- [INPUT DATA]
::::

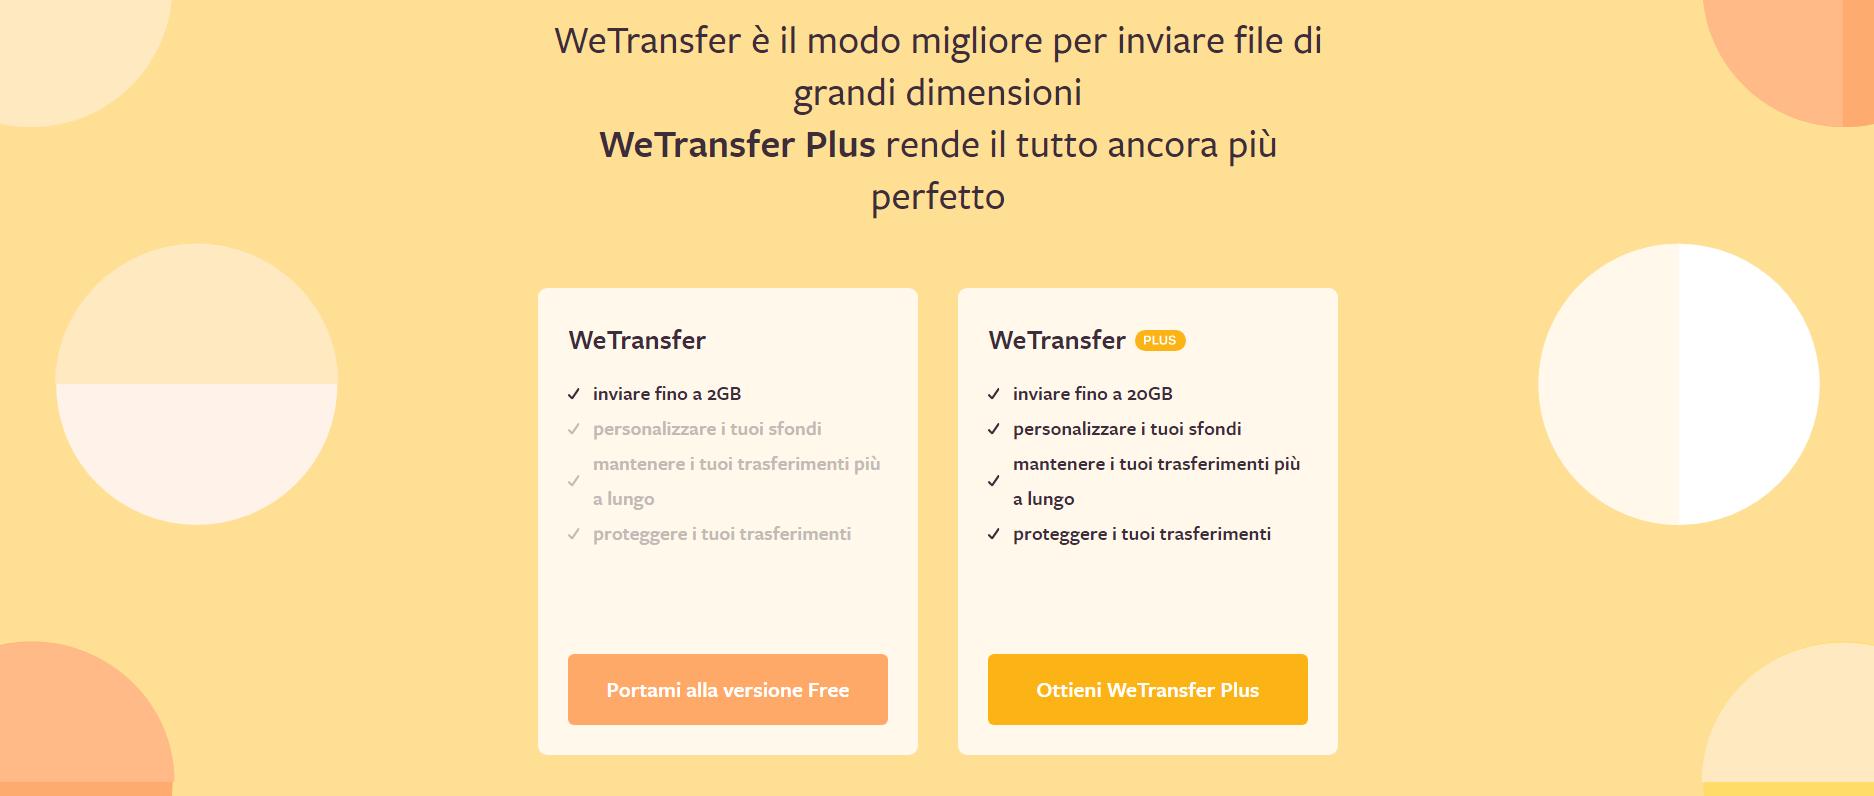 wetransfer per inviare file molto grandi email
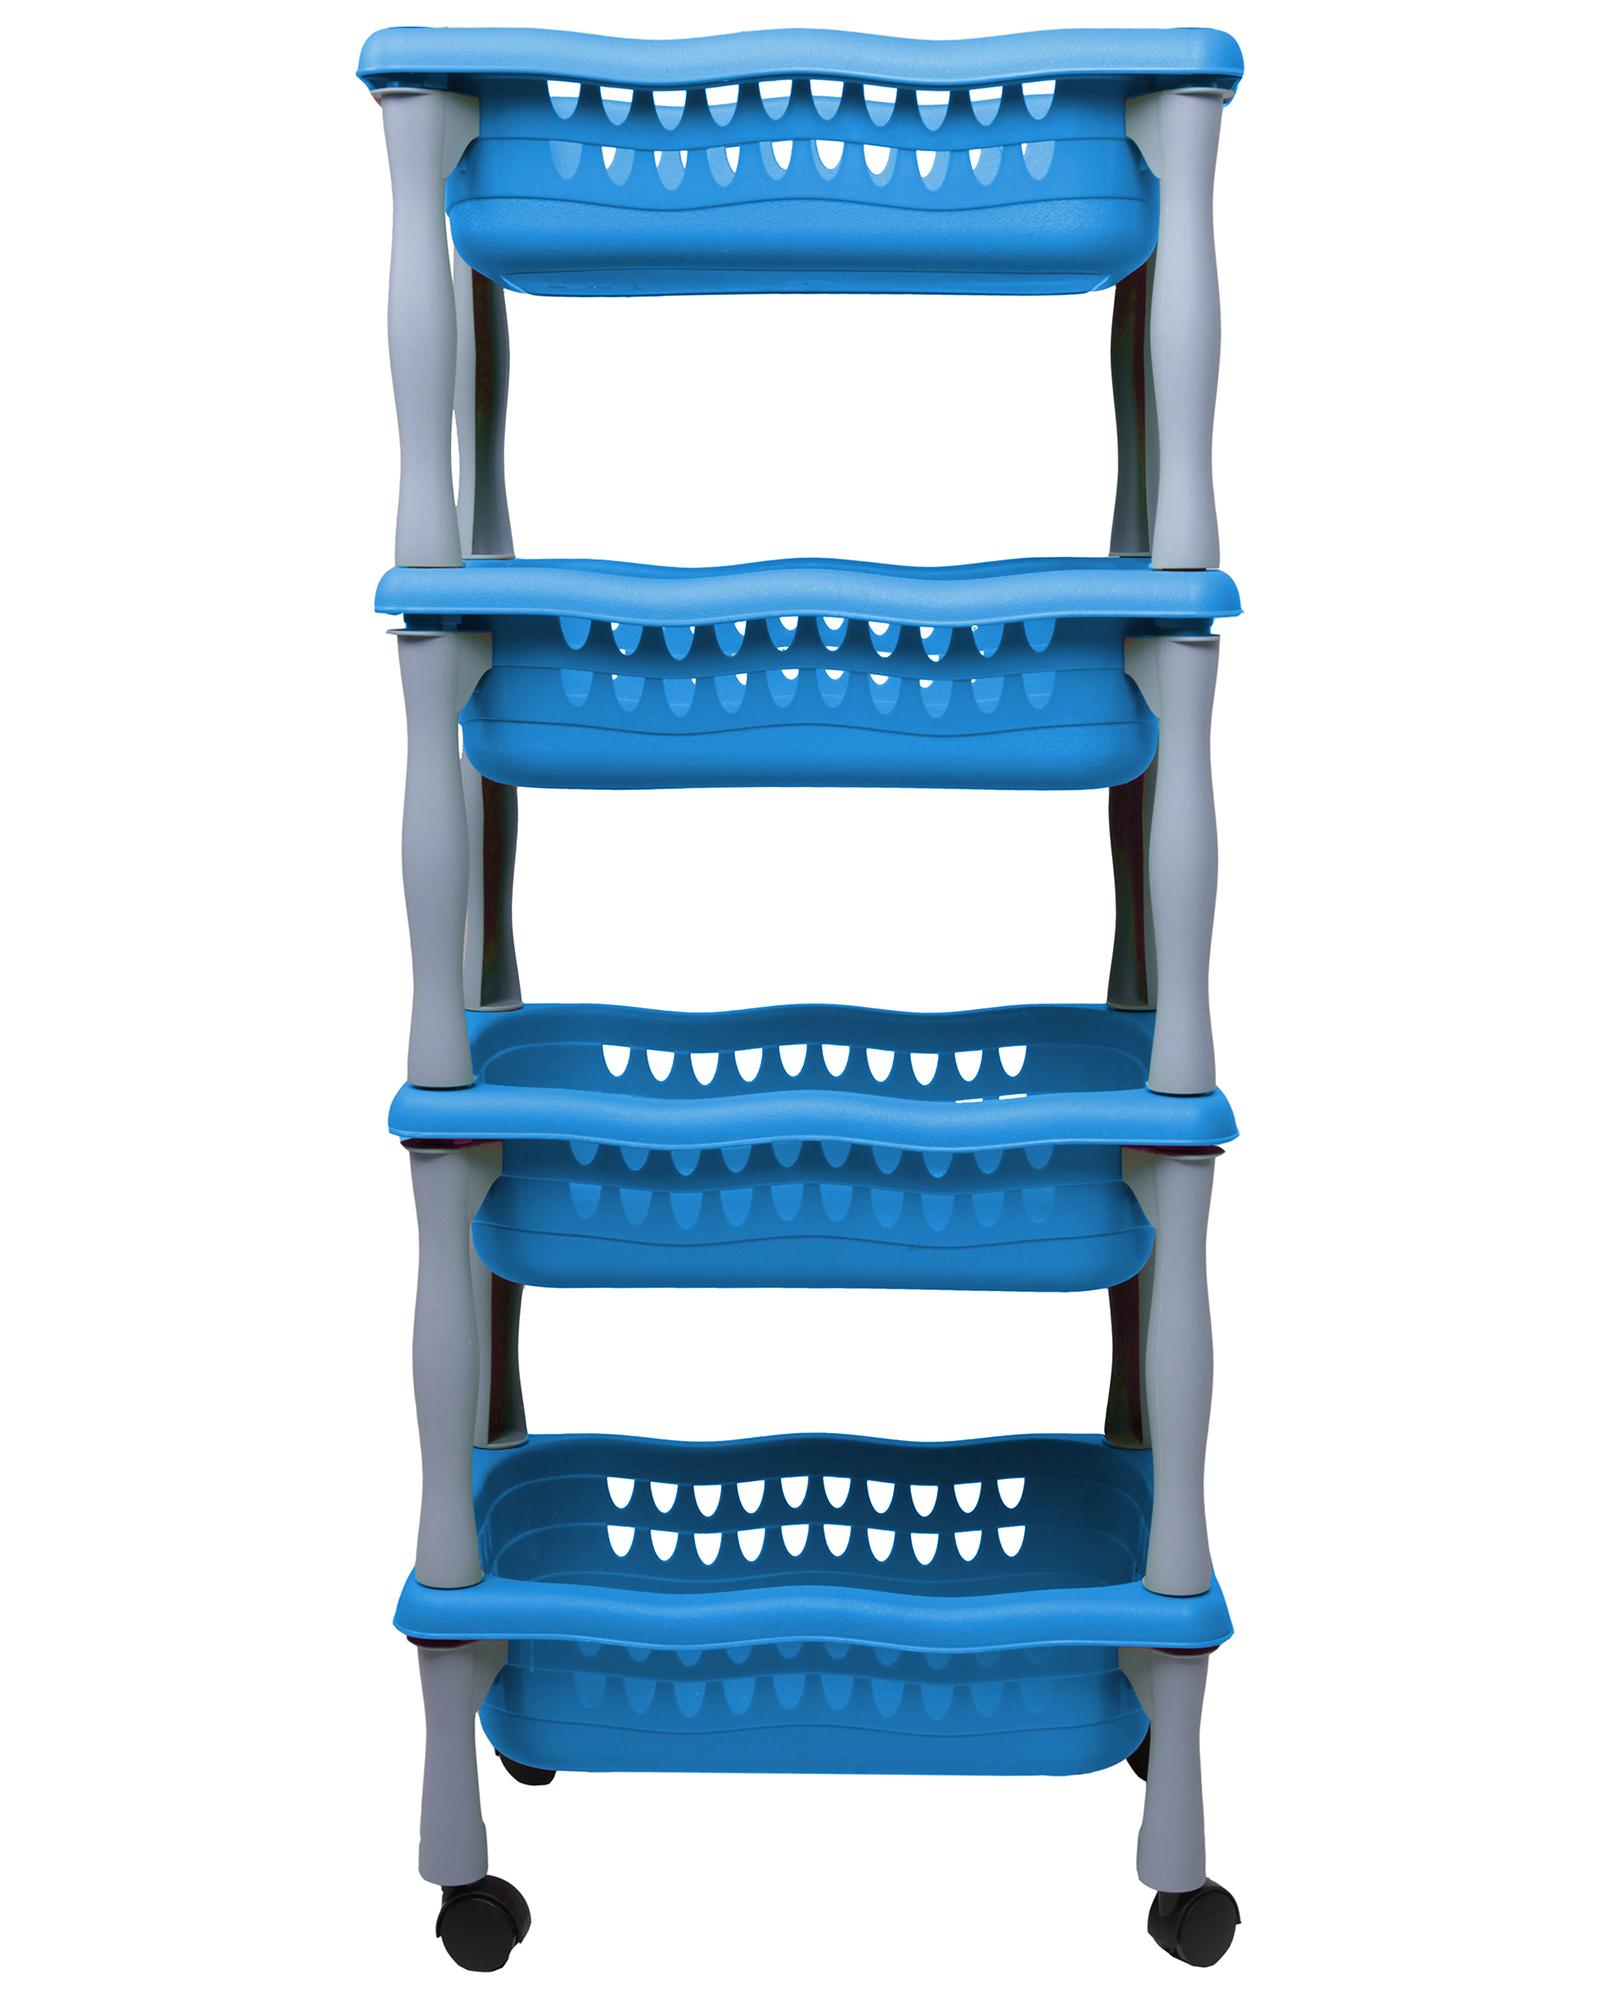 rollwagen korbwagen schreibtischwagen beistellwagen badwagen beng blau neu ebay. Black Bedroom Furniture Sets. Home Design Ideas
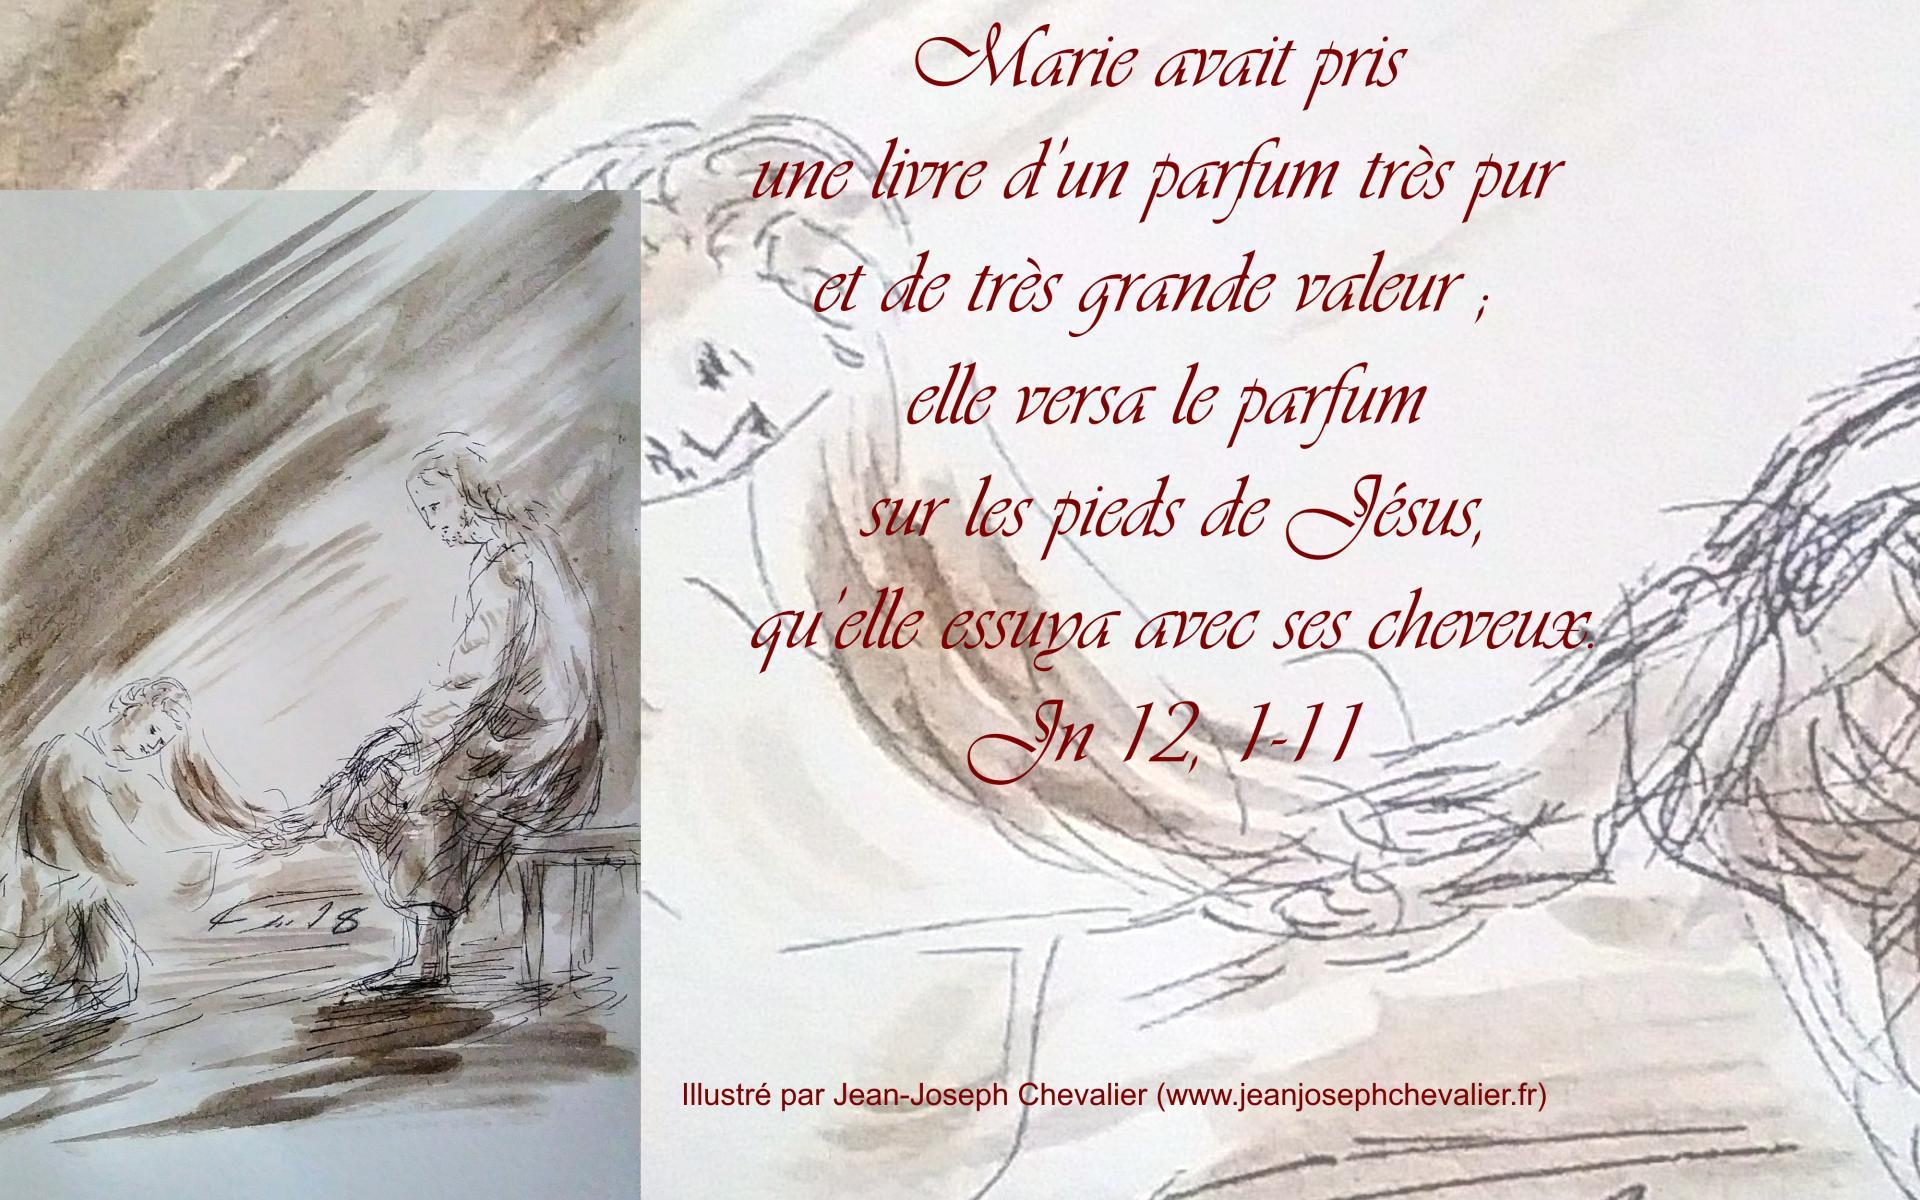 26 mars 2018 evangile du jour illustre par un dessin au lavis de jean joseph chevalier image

::::

- [WHAT IS NEEDED]
Down to the last line, set down the data above exactly, and omit all images.

- [SOLUTION TO THE PROBLEM]
 wetransfer per inviare file molto grandi email
 rollwagen korbwagen schreibtischwagen beistellwagen badwagen beng blau neu ebay. Black Bedroom Furniture Sets. Home Design Ideas
 26 mars 2018 evangile du jour illustre par un dessin au lavis de jean joseph chevalier image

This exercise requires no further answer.